Title: Intro to Apache HBase by Chris Shain of Tresata

Location: Bronto Software in Durham, NC

RSVP

Abstract: Chris will provide an introduction to Apache HBase, aiming to discuss:

  1. What is HBase? (High level overview)
  2. Details of the HBase architecture
  3. How do clients interact with HBase?
  4. Some general HBase patterns and anti-patterns
  5. What are the use cases for HBase vs.
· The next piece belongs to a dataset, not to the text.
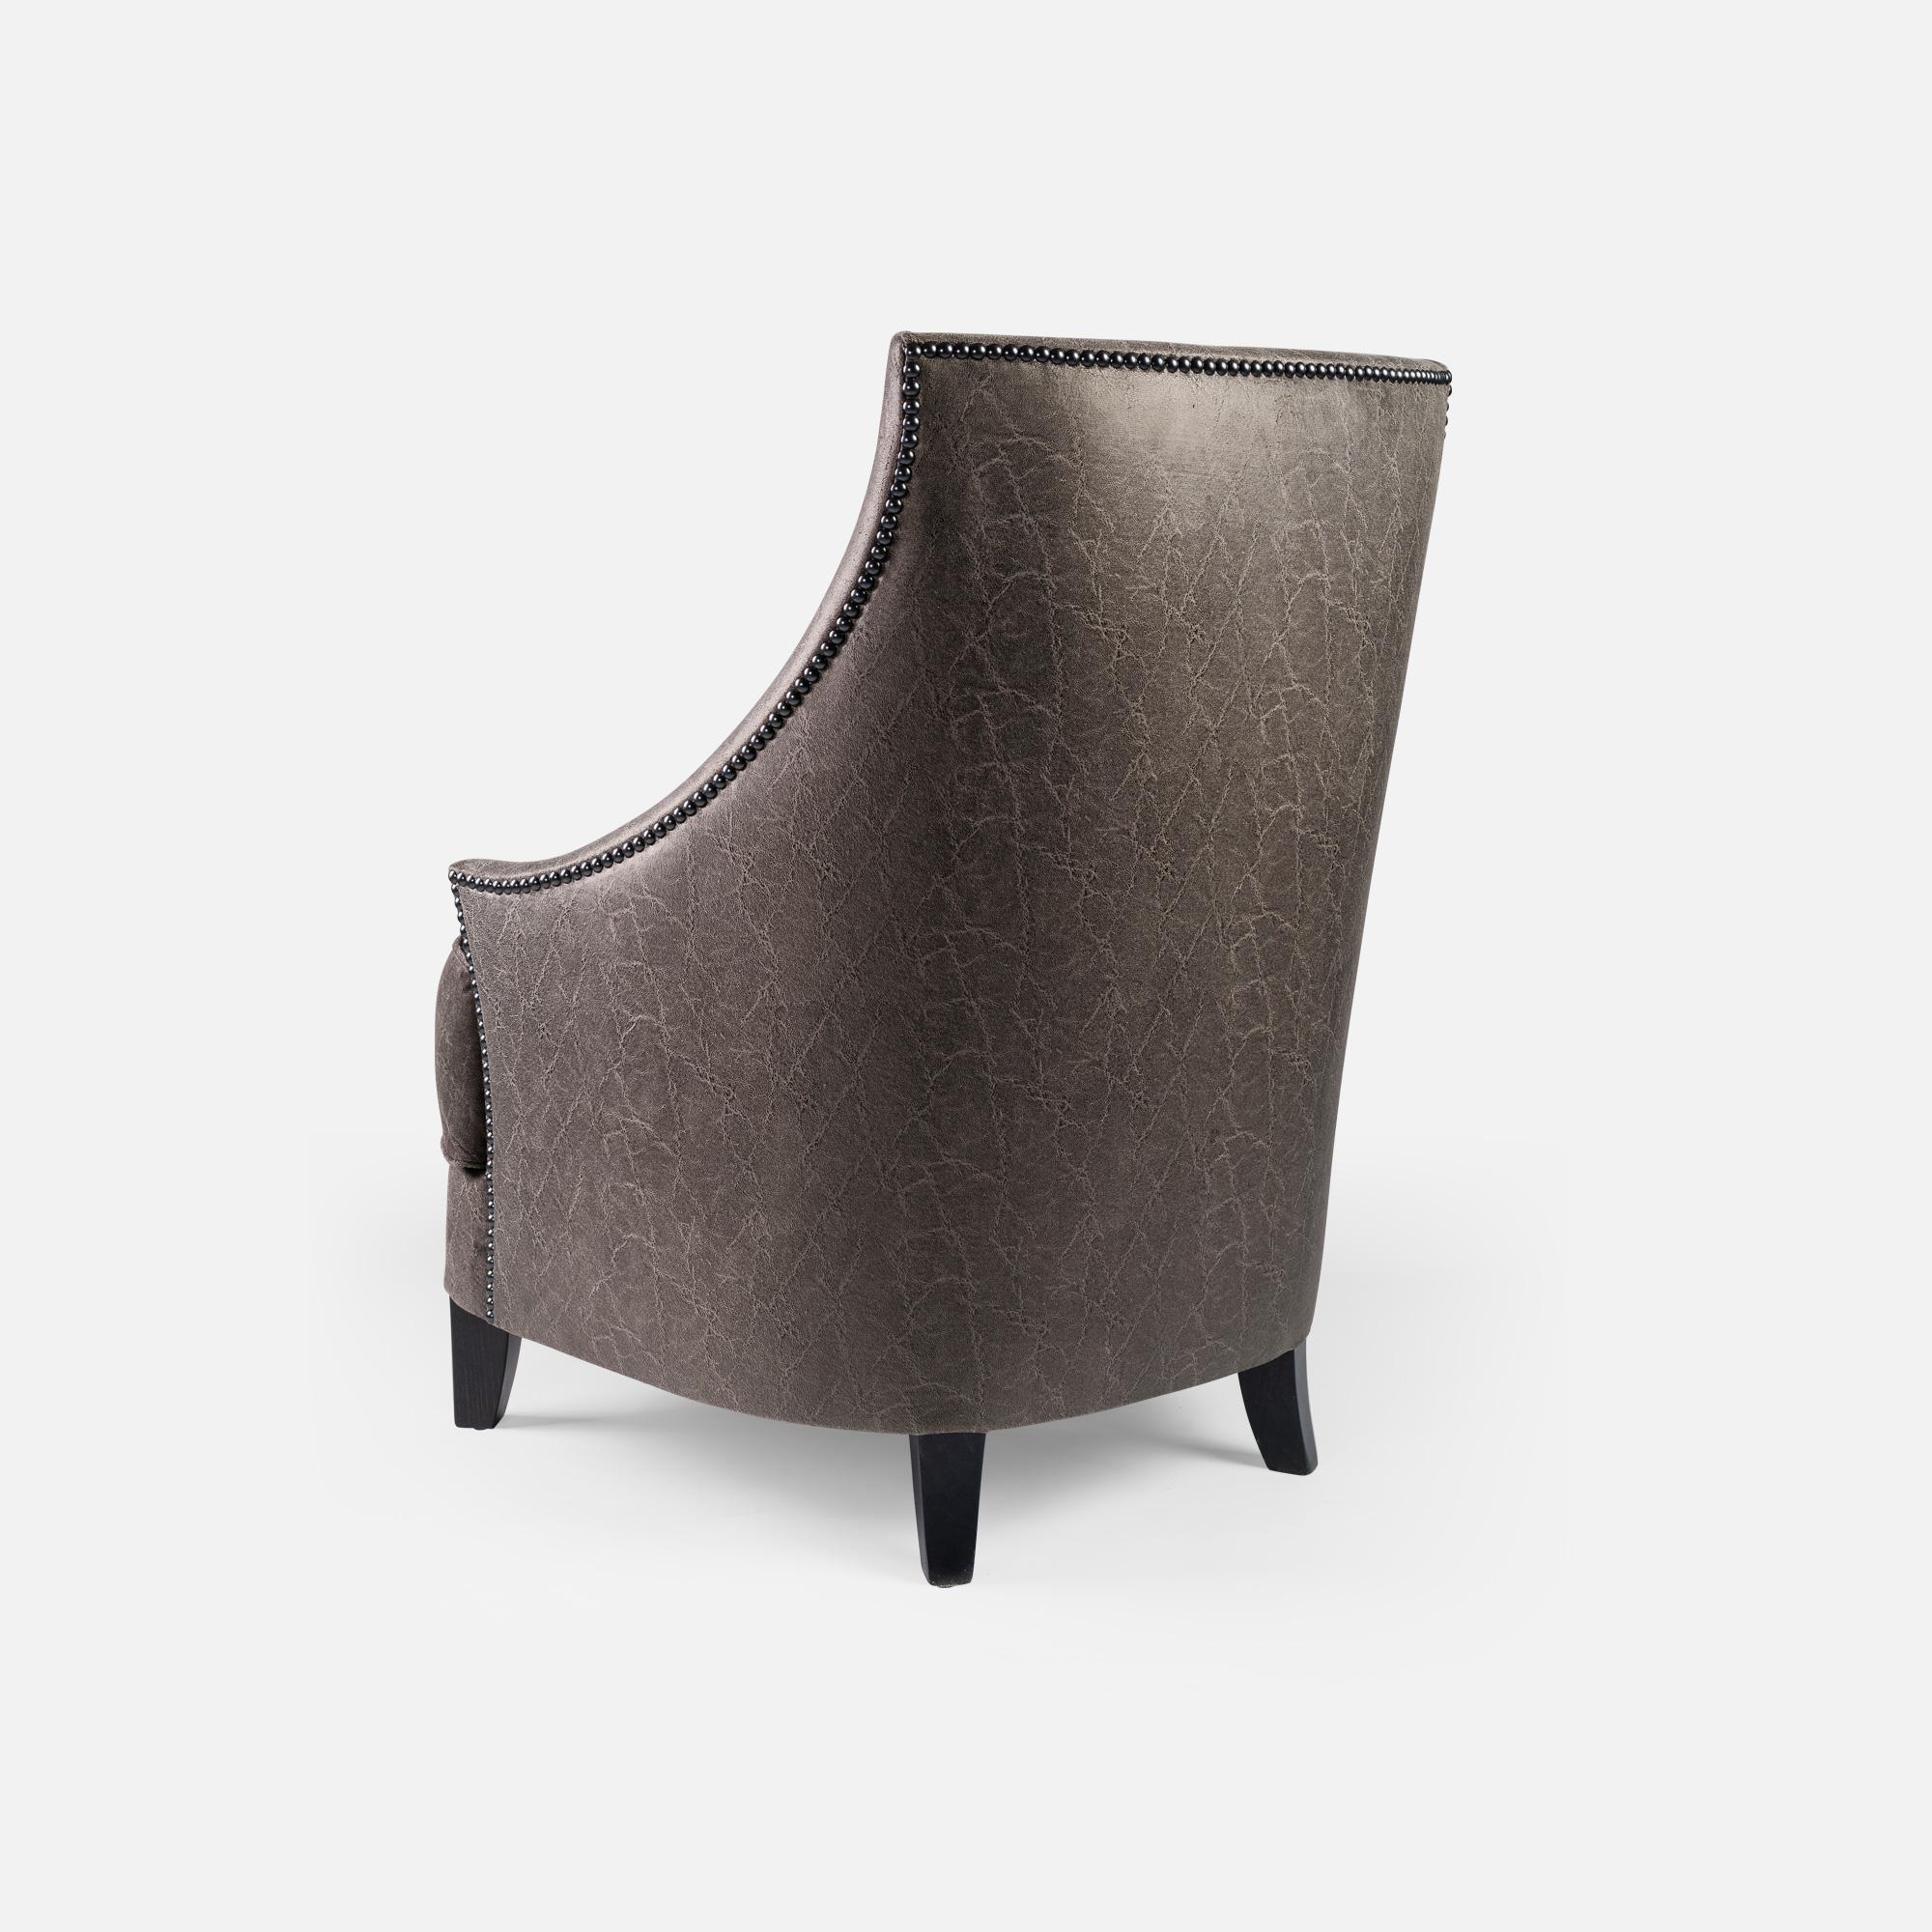 Tub Armchair for Hotel, restaurant, bar: Zuma | Collinet

Relational DB?

Bio: Chris Shain is the software development lead at Tresata, a provider of Big Data solutions for the financial industry in Charlotte NC. His background includes 7+ years of software development experience in the financial services industry, with a focus on customer-facing data management applications and data warehousing. Lately he works with Hadoop and HBase on data volumes in the multi-terabyte range, and tinkers with geographic information systems. He lives in Charlotte NC, and can be reached at chris@tresata.com or twitter @ChrisShain.

2 months ago

Slides from Alan Gates Presentation on Nov. 15, 2011

Thanks to Alan Gates of Hortonworks for the two excellent presentations on Apache Pig and Apache HCatalog. Links to the slides for the two talks are included below and are also available on Slideshare.

3 months ago

Slides from Oct. 11 TriHUG meeting featuring Josh Patterson of Cloudera

3 months ago

Next Meeting: November 15, 2011 @ Bronto Software

Our next meeting will be November 15 at Bronto Software.  The speaker will be Alan Gates, the author of Programming Pig and a member of the Hortonworks team.  RSVP here.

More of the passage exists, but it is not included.